__What is being asked__
Please set out each line below exactly as it stands, without the images.

__Recorded information__
- Opening Delimiter -
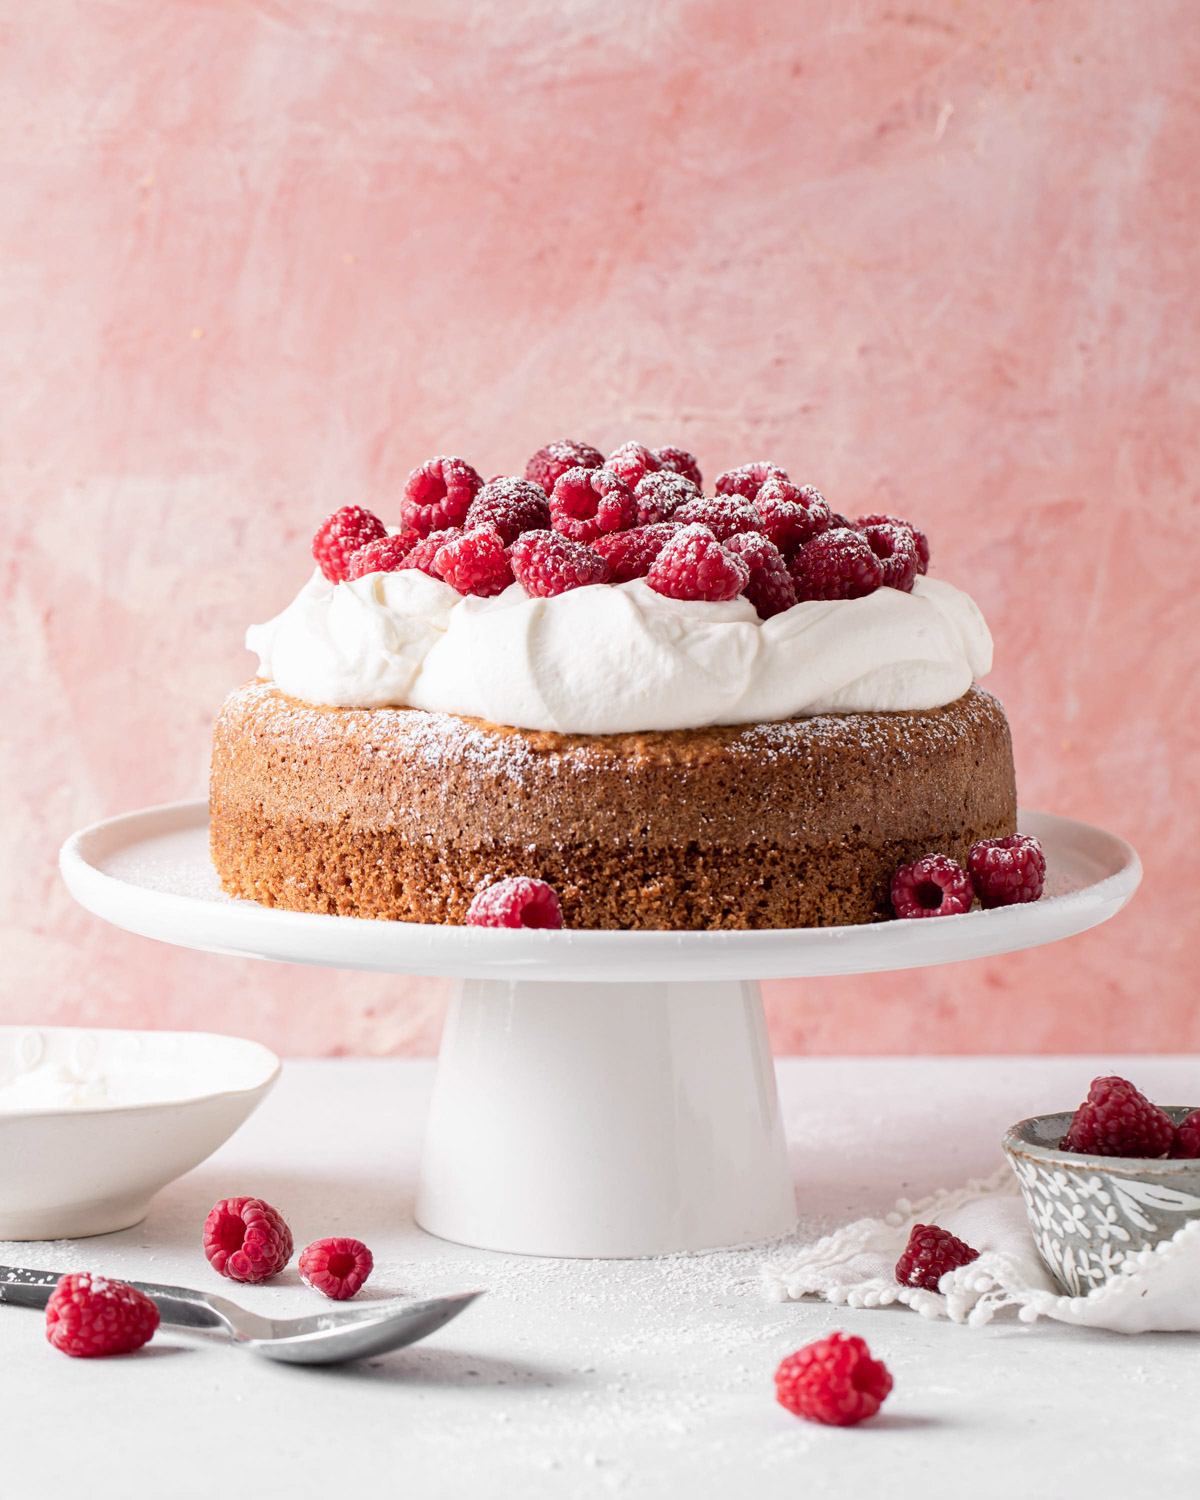 A single layer Greek yogurt cake with olive oil topped with whipped cream and tons of raspberries
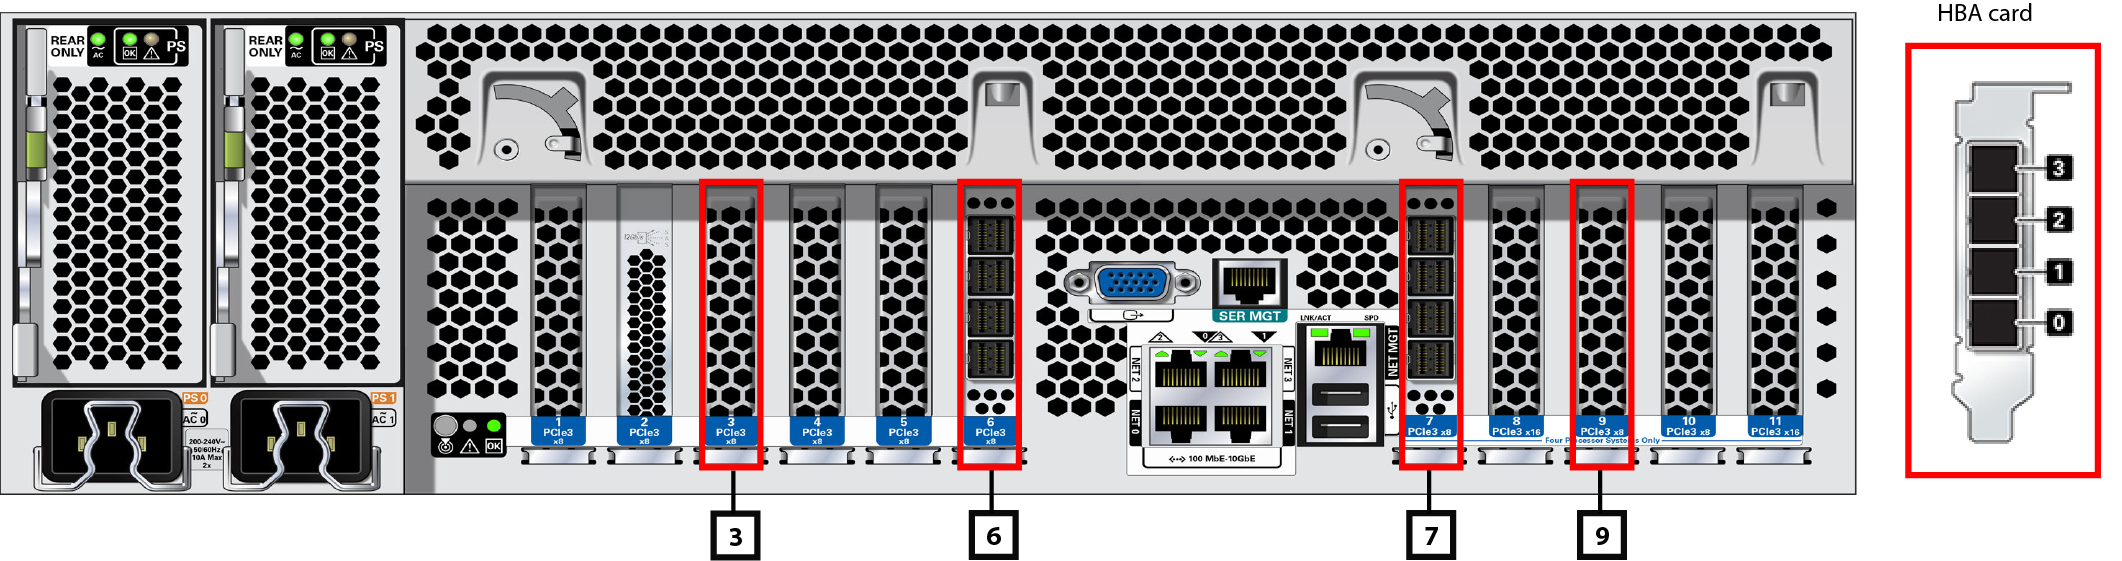 This graphic shows Oracle ZFS Storage ZS5-4 Back Panel with HBA Slot Numbers.
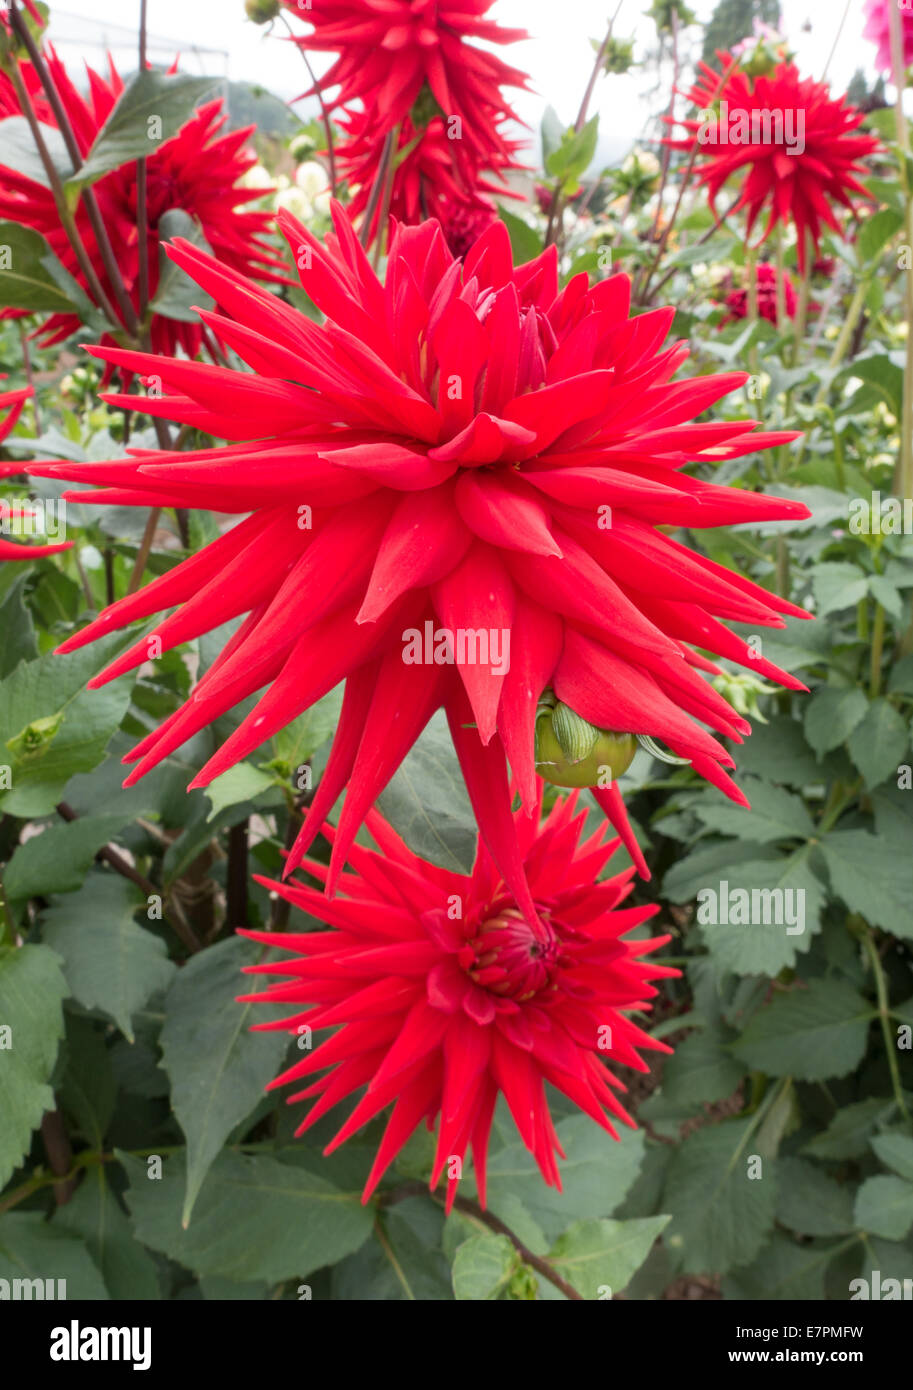 Vivid scarlet red dahlia flowers in an English country garden UK Stock Photo
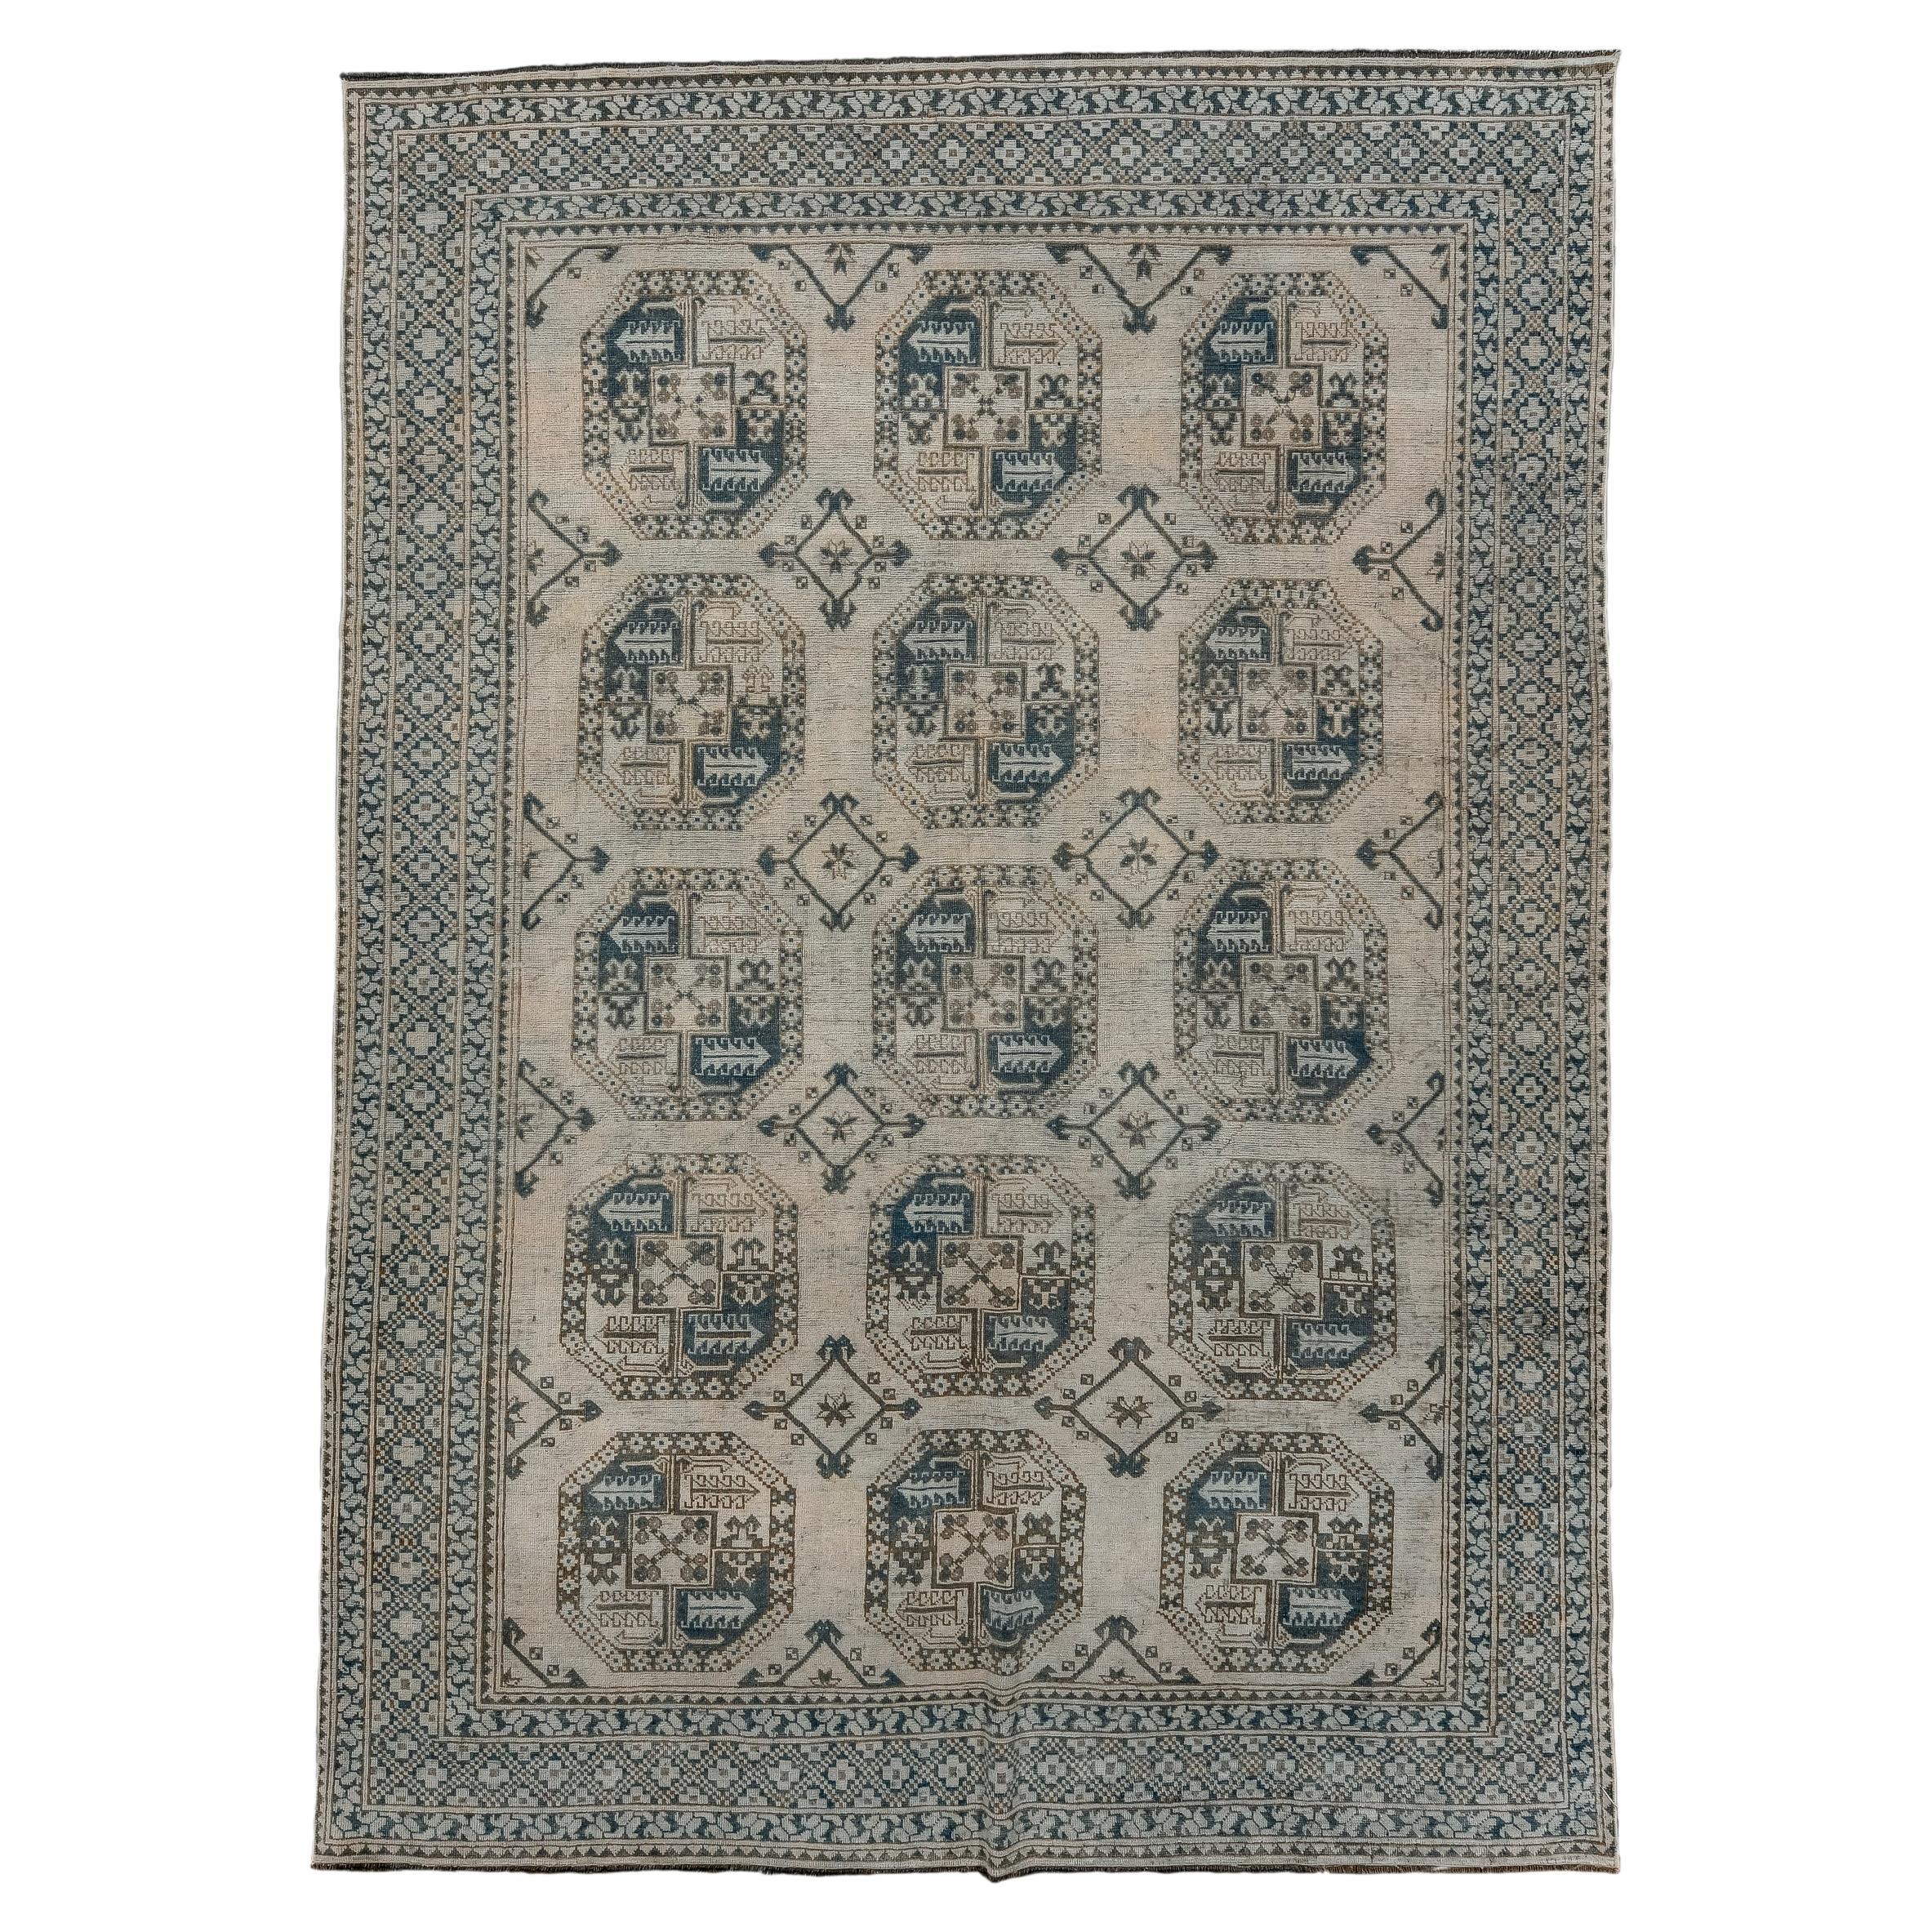 Antique Ersari Rug with Brown and Blue Details and Diamond Border For Sale
- Closing Delimiter -
__Exercise response__
 A single layer Greek yogurt cake with olive oil topped with whipped cream and tons of raspberries
 This graphic shows Oracle ZFS Storage ZS5-4 Back Panel with HBA Slot Numbers.
 Vivid scarlet red dahlia flowers in an English country garden UK Stock Photo
 Antique Ersari Rug with Brown and Blue Details and Diamond Border For Sale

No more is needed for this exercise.